Many of the Earth's natural resources that we currently rely on, such as natural gas and oil, are inherently finite. Once they're gone, they're gone, and we won't be able to make more unless we're willing to wait millennia for animal and plant matter to decompose under a thick layer of rock.

While fracking has proven an effective way of squeezing every possible drop of oil from beneath the Earth's core, this method of fuel collection won't work indefinitely. As such, in a bid to find the next big natural gas deposit to exploit, scientists have been looking wistfully towards Saturn's moon of Titan.

It's been well documented that Titan has an awful lot of methane hanging around its atmosphere and filling frozen lakes and oceans.
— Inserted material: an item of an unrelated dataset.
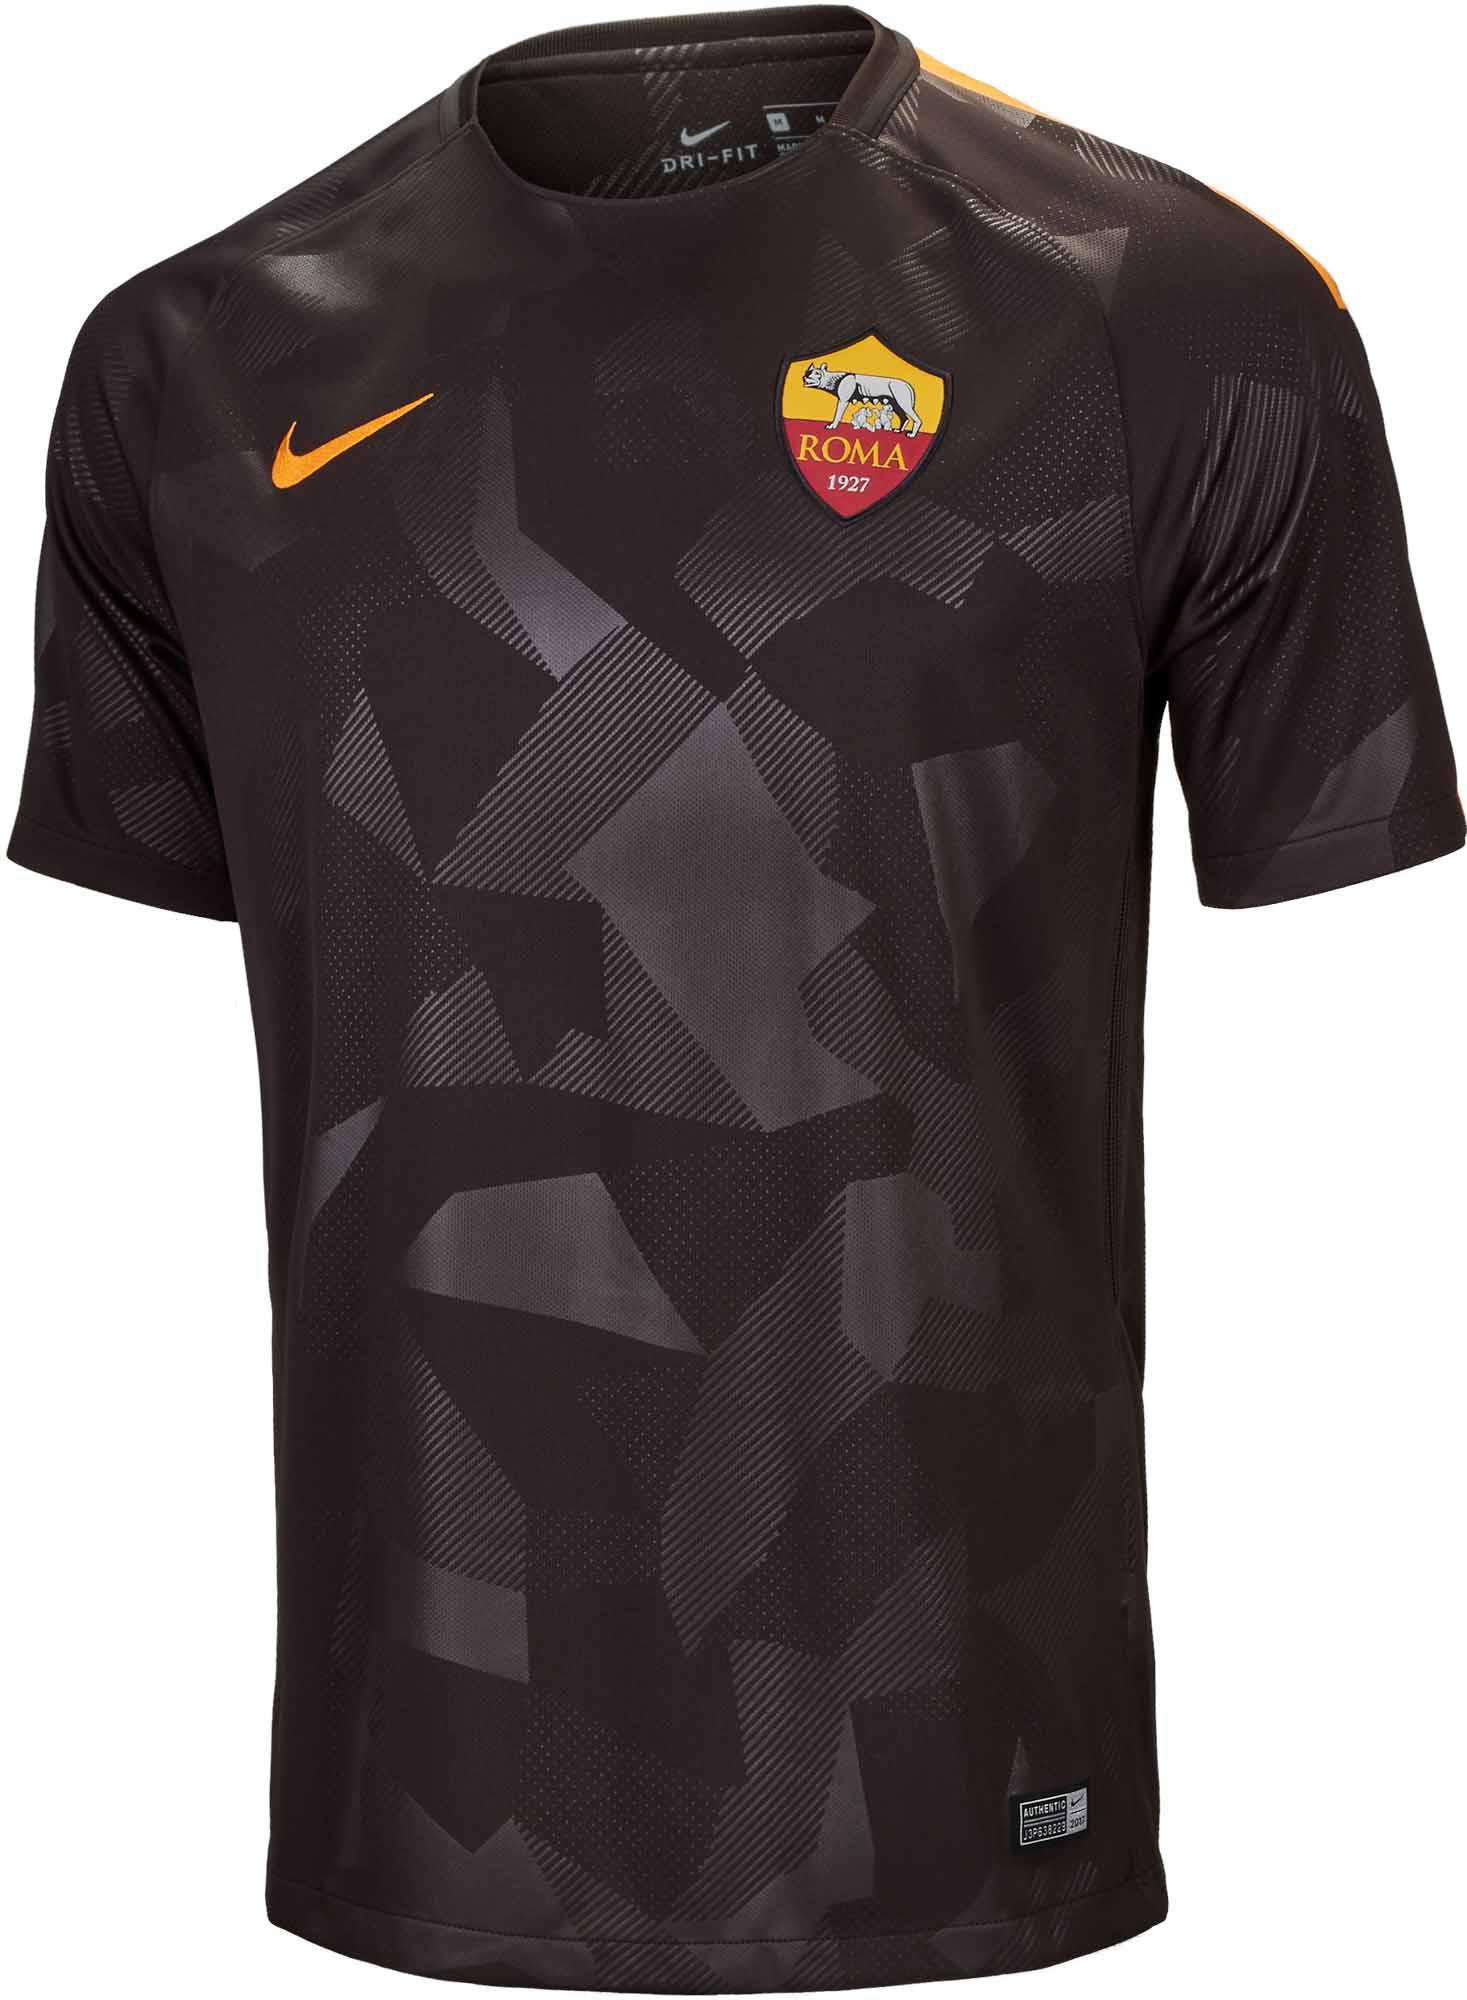 Nike As Roma 3rd Jersey 2017 18

It's also believed that Titan's atmosphere is basically crude oil, minus sulfur, which is in and of itself enough to get certain businessmen salivating.



Thanks to data collected by the late, great Cassini probe, we know that Titan contains far more potential fuel than planet Earth, and with commercial space flight now picking up steam, it makes sense that, according to USA Today, certain businessmen and scientists are beginning to look to Titan as a source of fuel that could be mined, shipped back to Earth, and used to provide us with combustible fuel for centuries to come.
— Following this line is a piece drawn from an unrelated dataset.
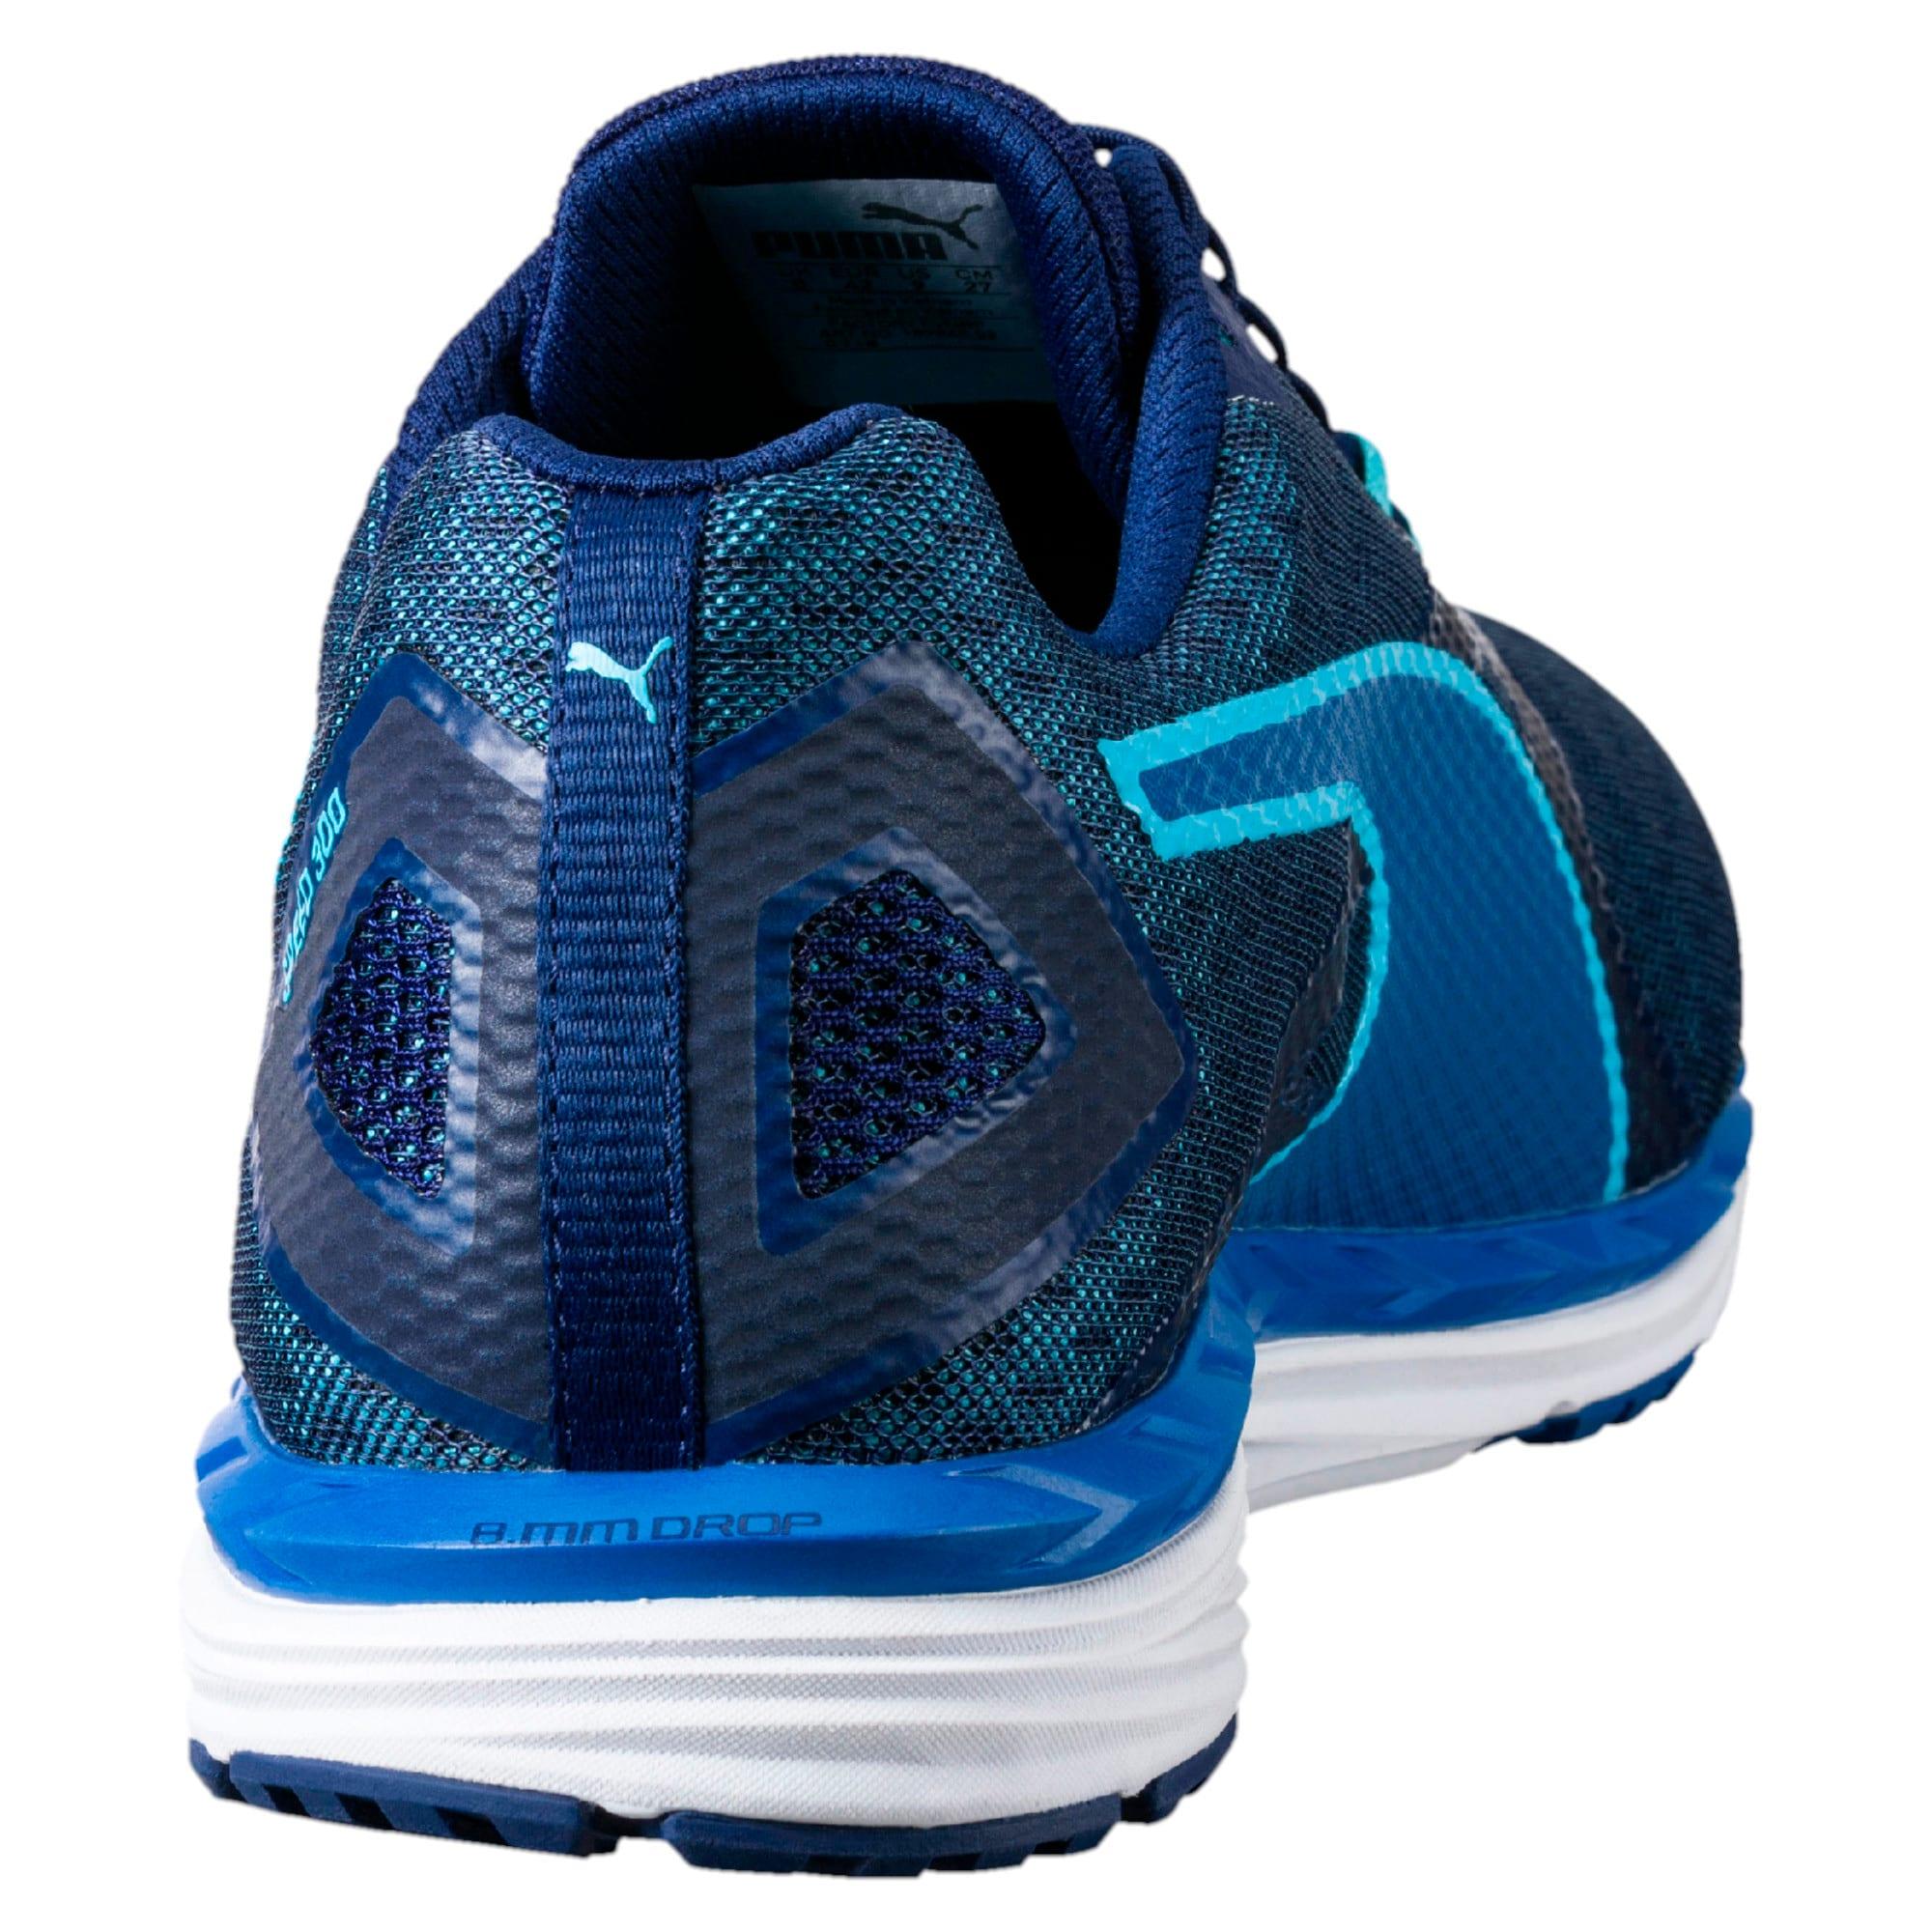 Thumbnail 3 of Speed 300 IGNITE 2 Men's Running Shoes, LapisBlue-BlueDepths-Turq, medium-IND

That said, as eager as these businessmen may be, we have to hope that, as a species, we've moved beyond using natural gas and oil to power our homes by the time it's actually possible to launch a mining mission to Titan.

At present, environmentalists (as well as the vast majority of the scientific community) are expressing concern at the potential danger that fracking creates for our planet's ecosystem.

When we'd thought that we were going to soon run out of oil reserves, businesses had a greater incentive to embrace renewable, clean energy.

Once we found a way to drill for oil in the cracks between rocks, the momentum on clean energy projects stalled somewhat.

The last thing planet Earth needs is for humanity to start important pollutants from other planets. Traditional fuel sources are bad for the environment, release carbon dioxide into the atmosphere, and, it's plain to see this year, are dramatically altering weather patterns, with disastrous effects.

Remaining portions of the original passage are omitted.